* Stored data
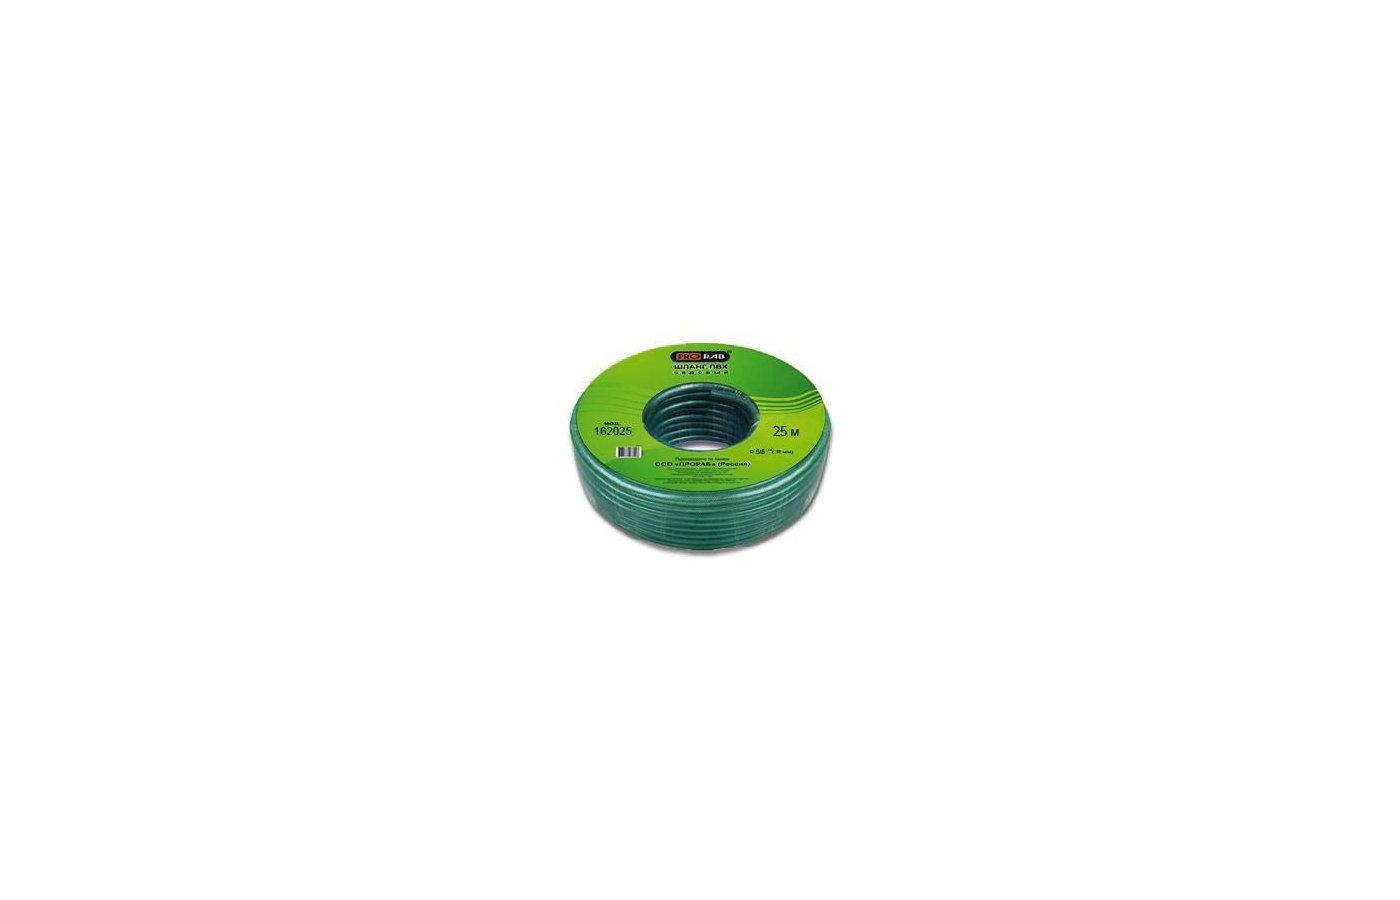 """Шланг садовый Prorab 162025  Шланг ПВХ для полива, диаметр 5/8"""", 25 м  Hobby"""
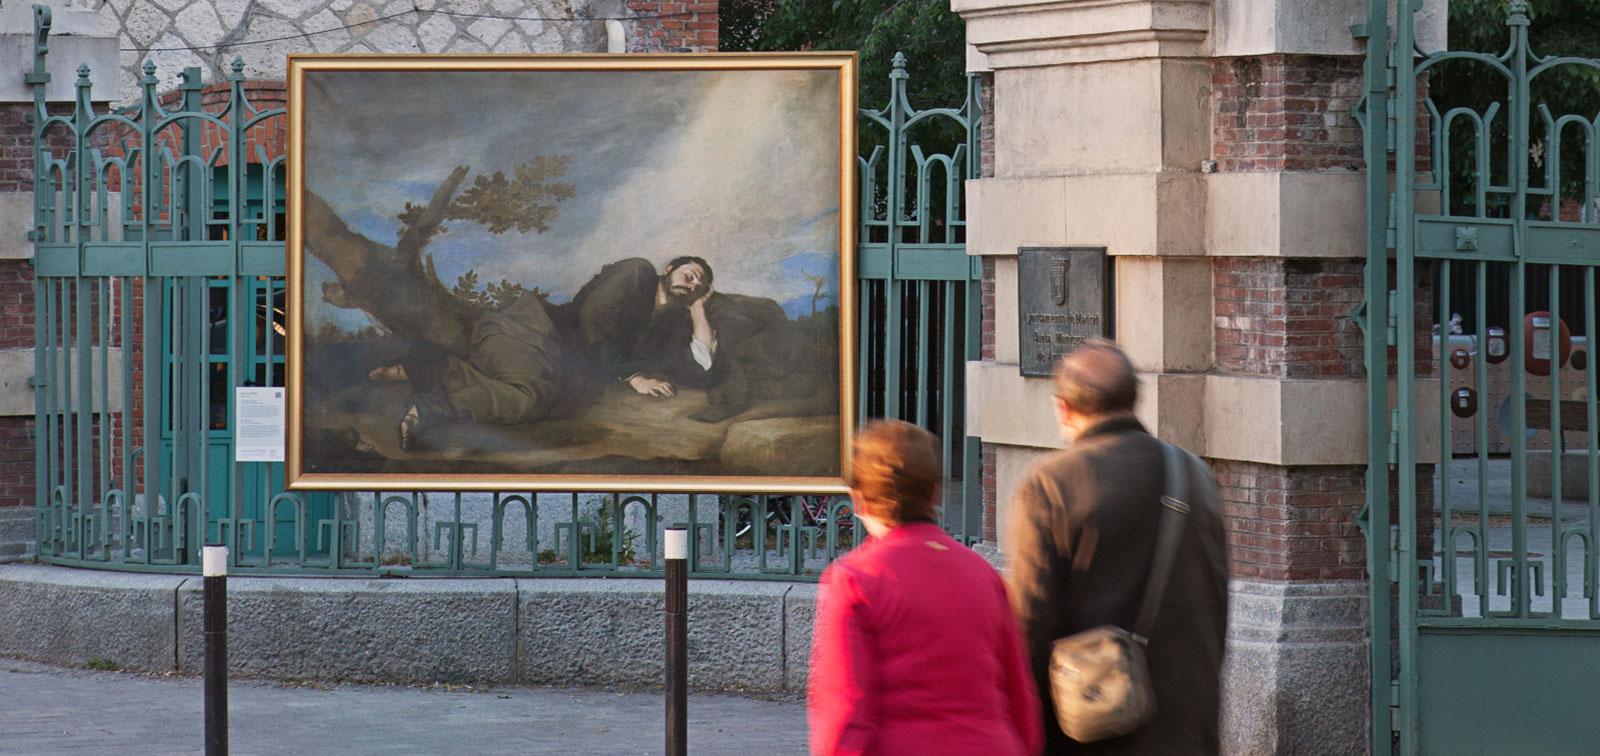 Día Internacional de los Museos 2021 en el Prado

--

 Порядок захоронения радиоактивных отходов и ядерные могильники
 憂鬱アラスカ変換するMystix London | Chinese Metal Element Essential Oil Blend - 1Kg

* Activity
The stretch above running from the line with "садовый Prorab 162025" through the line with "Día Internacional de" is all you should copy, exactly, leaving out the pictures.

* Reply
 """Шланг садовый Prorab 162025  Шланг ПВХ для полива, диаметр 5/8"""", 25 м  Hobby"""
 Día Internacional de los Museos 2021 en el Prado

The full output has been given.